Instructions to follow:
Set out exactly, line by line, the stretch of data below that begins at the line containing "La compraventa de" and ends at the line containing "Zbliżenie na artystyczną", with both ends kept.

Material provided:
= Beginning of Section =
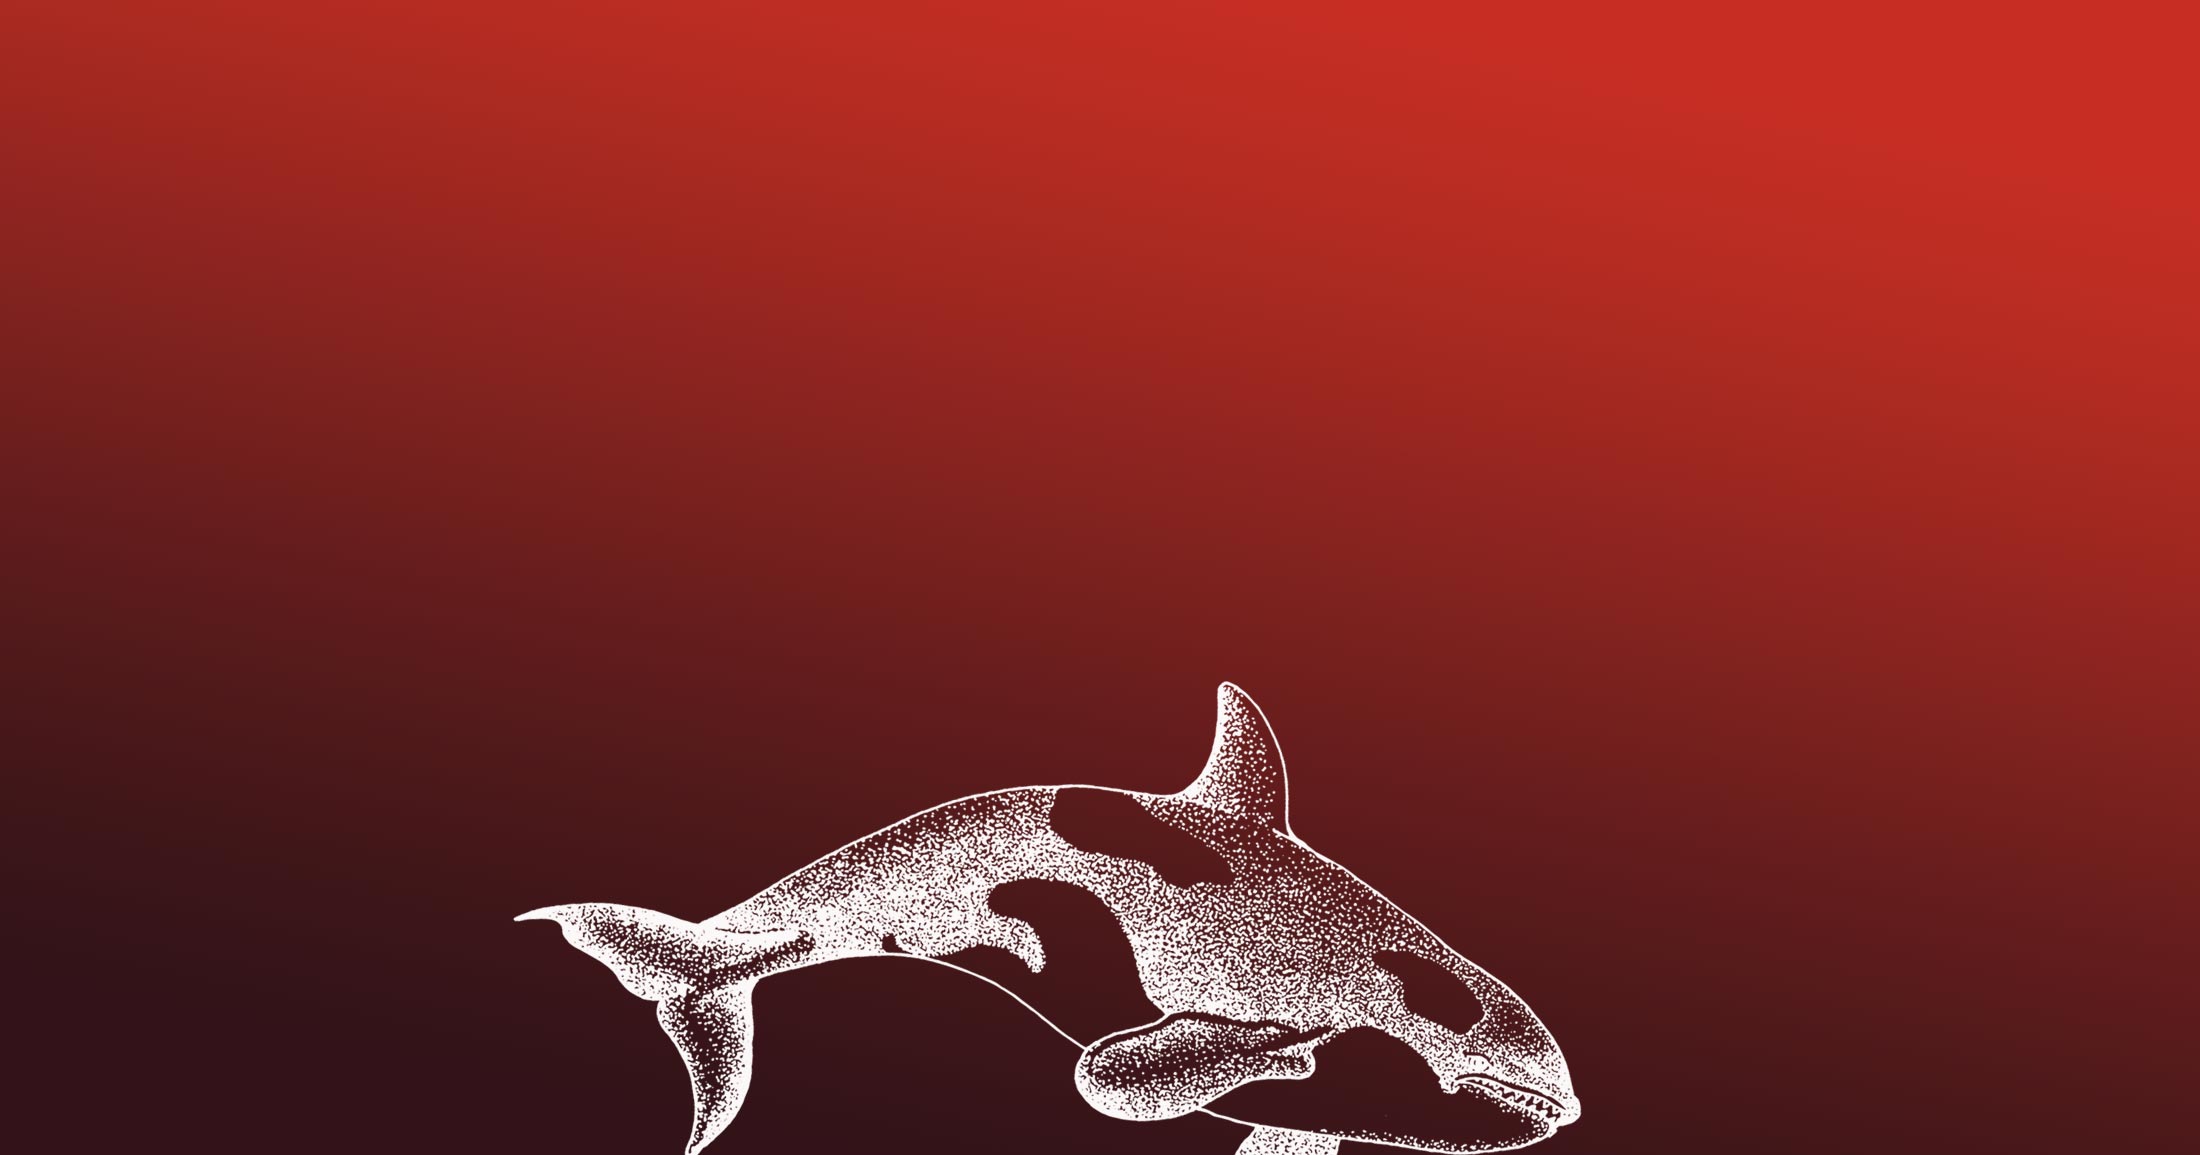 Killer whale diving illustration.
= End of Section =
= Beginning of Section =
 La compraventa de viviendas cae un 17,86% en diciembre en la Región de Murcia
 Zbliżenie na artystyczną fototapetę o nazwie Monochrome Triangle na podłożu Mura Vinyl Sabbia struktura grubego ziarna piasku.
= End of Section =
= Beginning of Section =
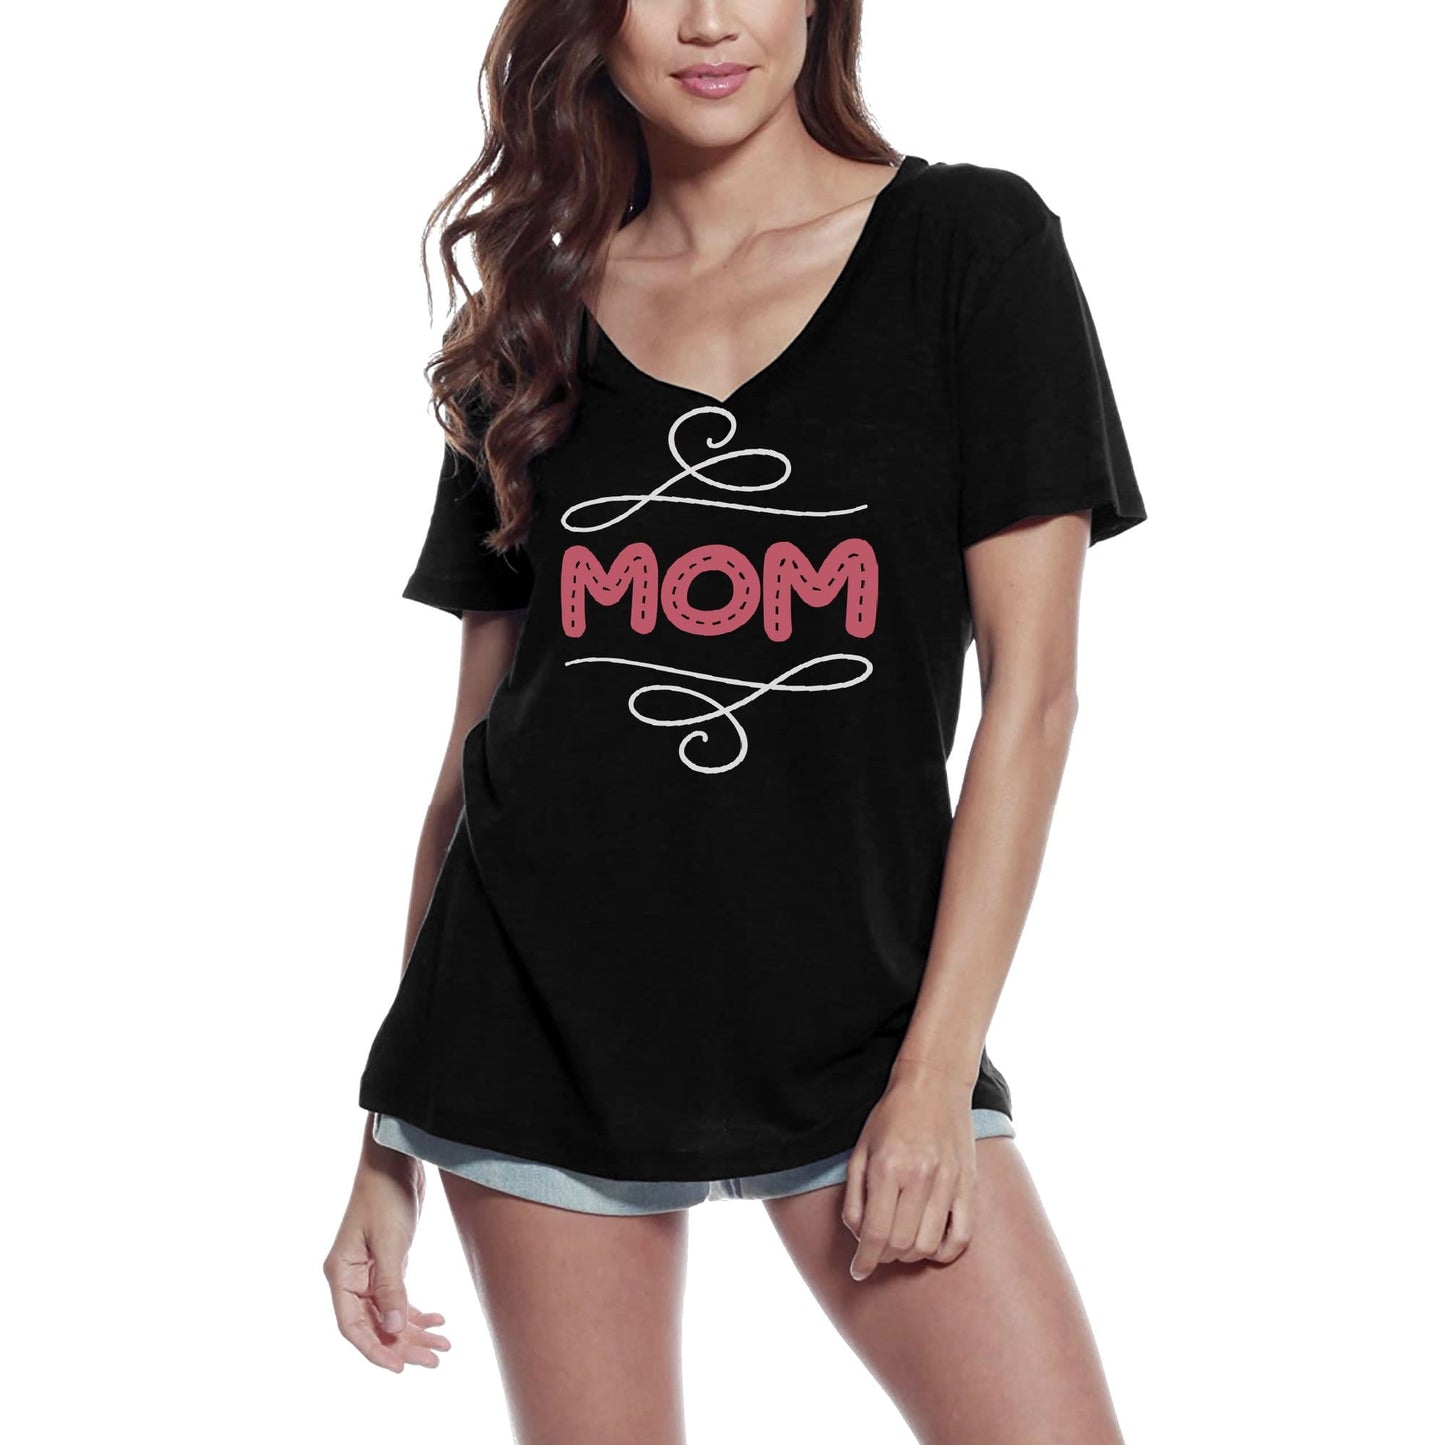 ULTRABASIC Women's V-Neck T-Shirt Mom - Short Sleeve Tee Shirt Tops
= End of Section =
Answer section:
 La compraventa de viviendas cae un 17,86% en diciembre en la Región de Murcia
 Zbliżenie na artystyczną fototapetę o nazwie Monochrome Triangle na podłożu Mura Vinyl Sabbia struktura grubego ziarna piasku.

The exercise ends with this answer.